В каждом письме к брату Федор подробно, страстно разбирает его драматические и поэтические опыты, советует, поддерживает, предостерегает, но нигде ни словом не поминает о собственных творческих мучениях.
В самом конце 40-го года Михаил приехал в Петербург для сдачи экзаменов на чин прапорщика полевых инженеров. Еще в сентябре он познакомил Федора со своим ревельским другом Александром Егоровичем Ризенкампфом, приехавшим в столицу поступать в Медико-хирургическую академию. Теперь каждую свободную минуту братья проводят вместе, нередко и с другом старшего. Много говорят о видах на будущее, о литературе, судьбе родных… Михаилу нужны деньги – решил жениться на ревельской немке Эмилии Дитмар, но ее родители, естественно, против брака с неимущим, бесперспективным инженером. Одна надежда на богатых родственников. И вскоре Михаил уезжает в Москву. Но родственники денег не дали, да еще и высмеяли его: «Поездка в Москву, – пишет он Федору, – сделала мне много вреда… Мне кажется, что я делаю глупость, что женюсь; но когда я смотрю на Эмилию, когда вижу в глазах этого ангела детскую радость, мне становится весело. Трудно мне будет, брат, особенно первый год, но что делать, как-нибудь перебьемся».

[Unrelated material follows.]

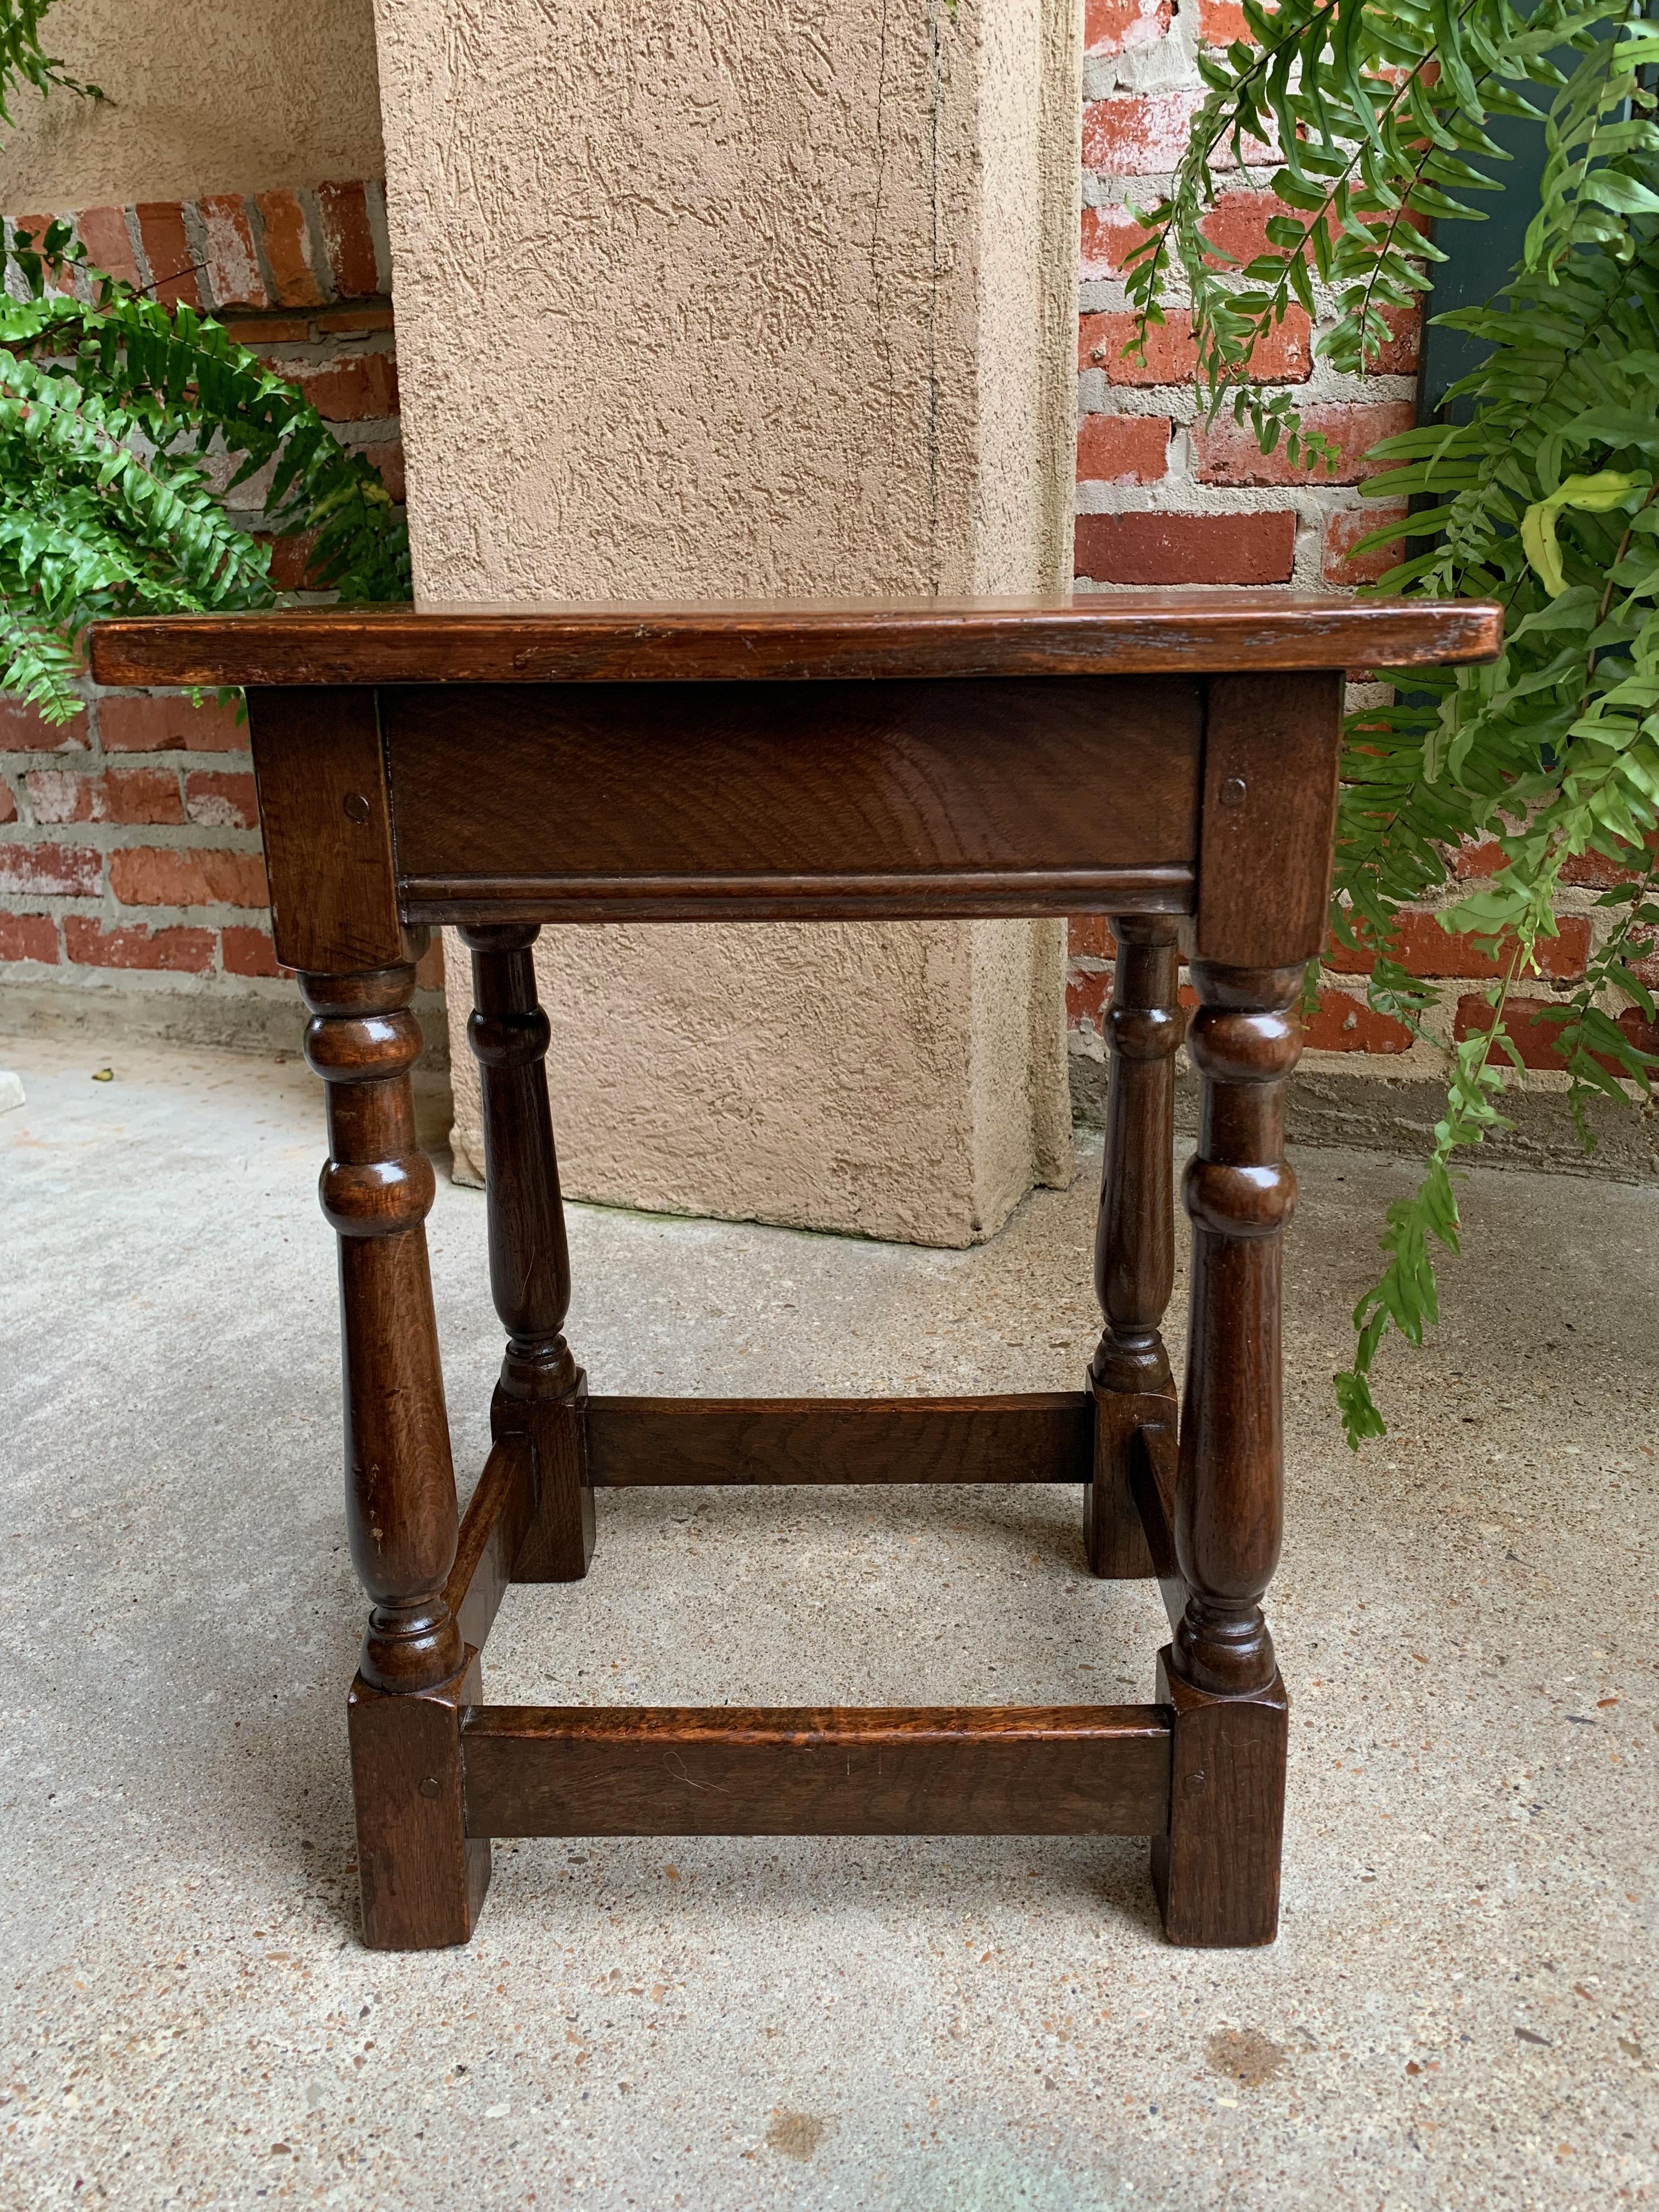 Antique English Carved Tiger Oak Joint Stool Bench Table Splayed Leg c1900 5

В Петербург он вернулся вместе с братом Андреем – пора и тому думать о дальнейшем образовании. Успешно сдав экзамены, Михаил наконец стал офицером, самостоятельным человеком. Пришло время для новой разлуки братьев. Накануне отъезда в Ревель Михаил устроил прощальный вечер, на который, кроме братьев, пригласил и Ризенкампфа. Михаил читал свои стихи, а Федор, радуясь новому сближению, впервые открылся ему в сокровенном – прочитал свои еще не законченные драмы: «Мария Стюарт», «Борис Годунов», «Жид Янкель». Рано утром 17 февраля 41-го года Михаил отбыл в Ревель, оставив на попечение Федора Андрея. А 5 августа Достоевский переводится приказом по училищу из кондукторов в полевые инженер-прапорщики с оставлением в Инженерном училище Для продолжения полного курса наук в нижнем офицерском классе.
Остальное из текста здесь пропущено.